Рисунки были уложены в папку, краски в ящик, папка крест-накрест перевязана шнуром, хотя Харламов не помнил, как собирался. Он вышел на террасу. Высокое солнце слепо светило из марева, по саду развевалась паутина, нити невероятной длины тянулись от дерева к дереву, от террасы к беседке, от антенны к забору.

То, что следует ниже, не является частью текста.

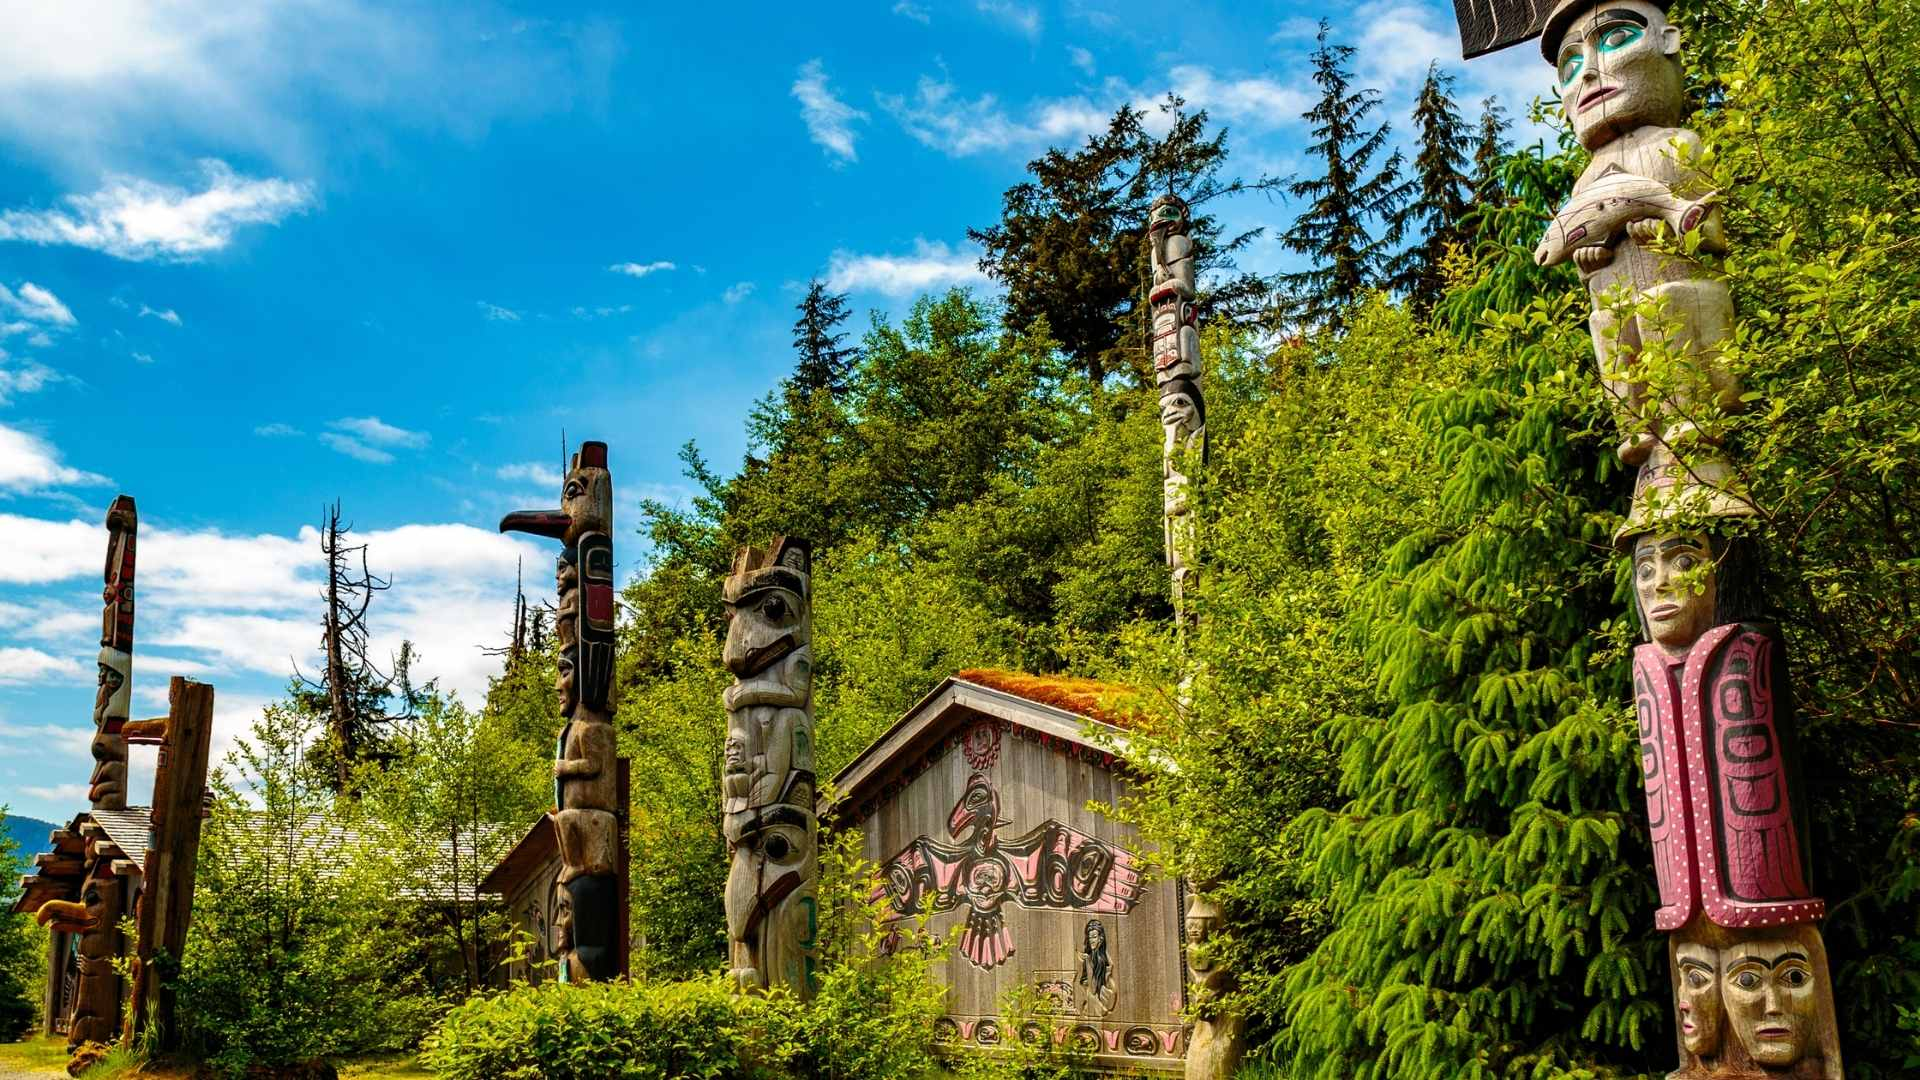 Ketchikan Totem Poles

По ступенькам снизу с улицы поднимался туруханский улыбающийся Володя, издалека протягивал полиэтиленовый пакет с огуречным, как оказалось, рассолом. Ободряюще закивал, напоил прямо из мешка, сиял, чем-то довольный.
— Пойдем искупаемся, полегчает, — сказал он.

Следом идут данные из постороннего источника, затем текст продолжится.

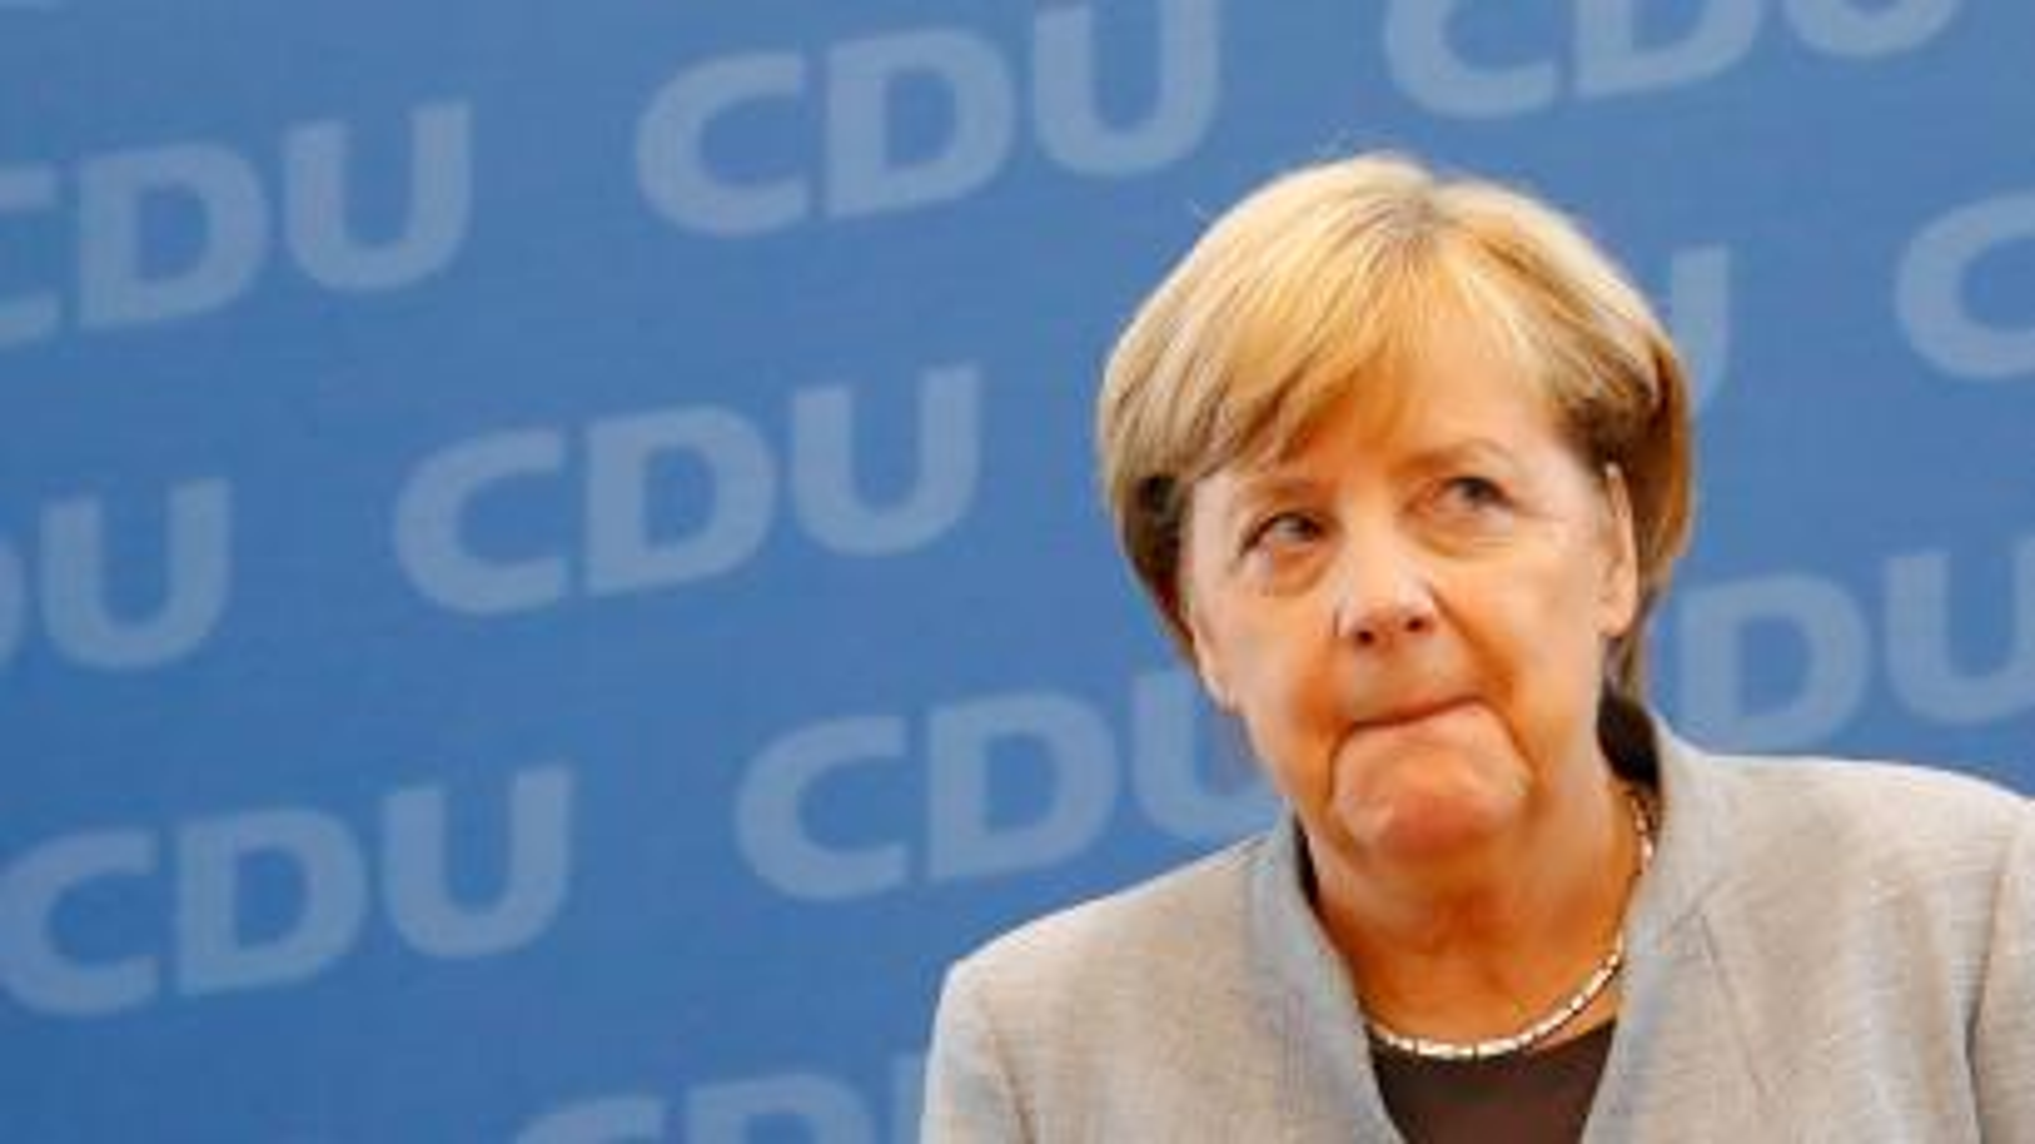 German Chancellor Angela Merkel after 2017 election

Купаться не хотелось, знобило, Харламов пошел, только чтобы быть послушным, никому ни в чем не возражать. Стуча зубами, вылез из воды, покорно постоял, пока Володя тер ему полотенцем спину, обтер даже ноги, даже лицо, даже за ушами, аккуратно, как мама. Даже, заставил высморкаться. Его улыбка порхала вокруг Харламова, как бабочка.
— Правду говорят, что он сидел за воровство?
— Кто?
— Ну, тезка-то мой! Я думаю, за хулиганство.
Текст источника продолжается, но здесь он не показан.